Shulman is widely regarded one of the must-listen, modern minds on how things unfold post ‘Intelligence Explosion’.
I’ve spoken at length about the Intelligence Explosion – basically, it’s the idea that AI creates smarter AI, which creates super-smart AI, until humans are so comparatively dumb and relevant that we resemble a big sack of potatoes attempting to learn quantum physics.
Most agree this moment is coming sooner rather than later.
I don’t know about you, but if I had a single question – I wouldn’t be asking how the economy looks in three years.
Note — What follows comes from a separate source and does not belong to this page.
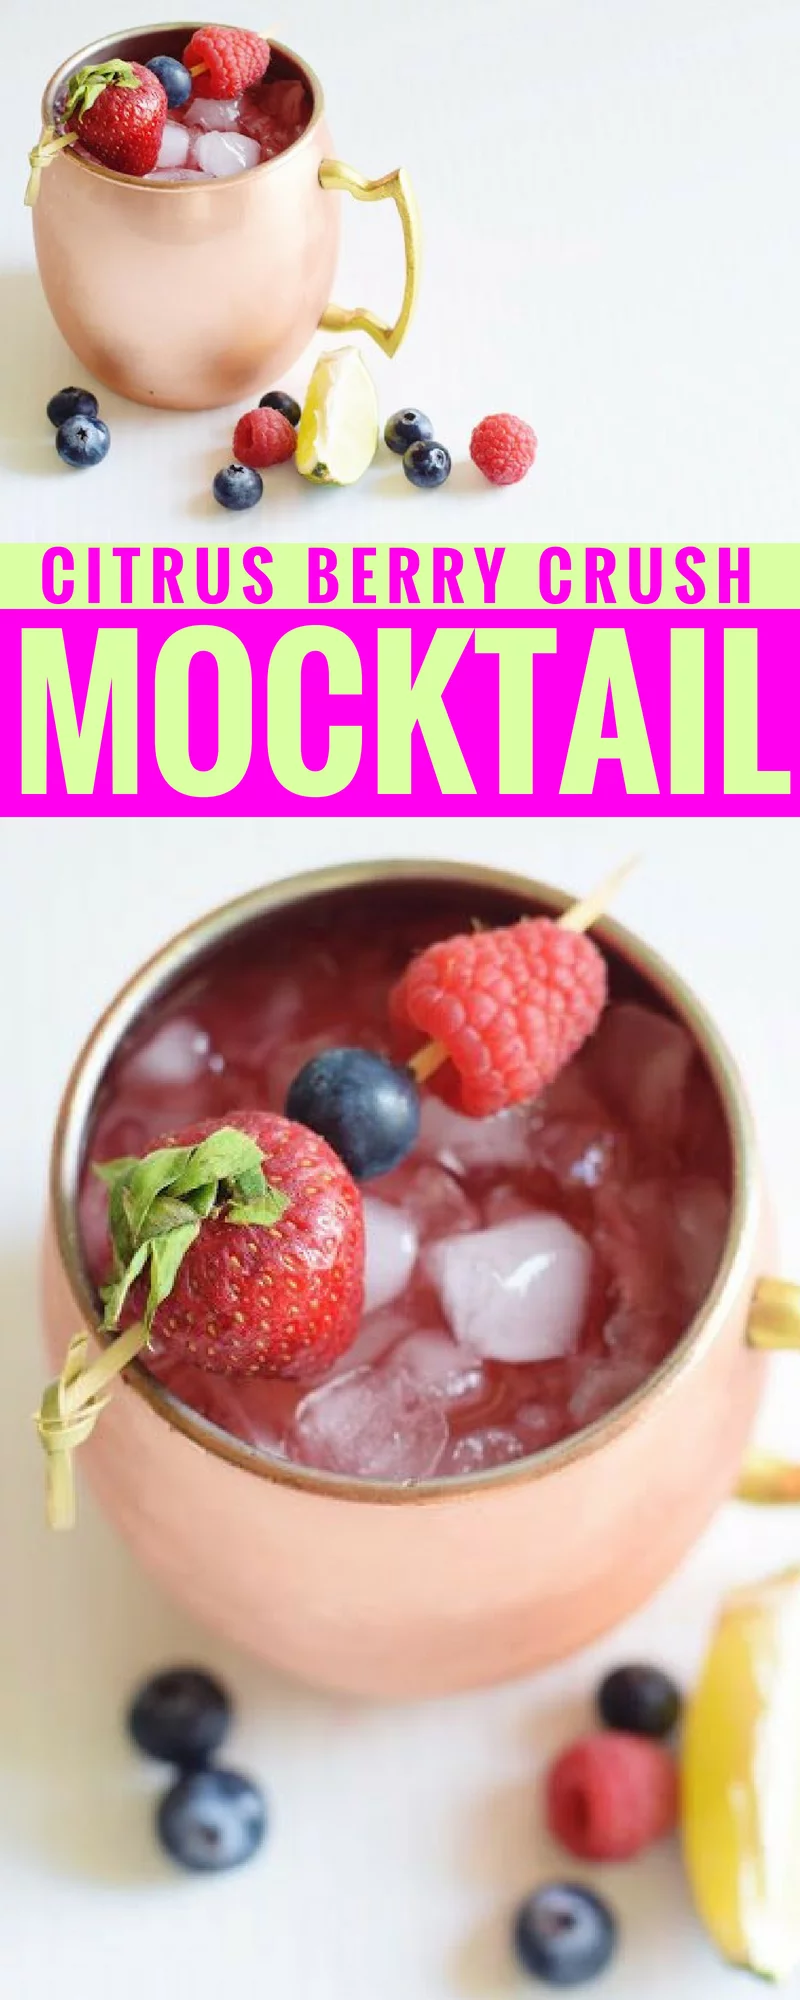 Citrus Berry Crush Mocktail - Mocktail Recipe - Mocktail Recipe Ideas - Easy Mocktail - Cocktail Ideas - La Croix - Summer Mocktail - Summer Cocktails - Berry Cocktails - Copper Mug Recipes - Communikait by Kait Hanson

Sure, it’d be nice to know whether to load up on Microsoft, Apple, NVIDIA, Gold, Bitcoin or Chinese Yuan, but I’d for sure have some more pressing philosophical questions.
Something closer to Elon’s ‘what’s outside the simulation’, I recon.
Something related to Philosophy of Mind.
In very simple terms, philosophy of mind is us humans trying to make sense of how our minds work.
What is the mind?
How do we think, feel and experience stuff?
How does the mind relate to the body and the brain?
What is the nature of our thoughts, feelings and consciousness?
Big questions for which we have very little in the answers department.
It took three hours and thirty minutes into the Shulman conversation, but they did eventually delve into the more philosophical territory.
The implications of AI progress on ‘Philosophy of Mind.’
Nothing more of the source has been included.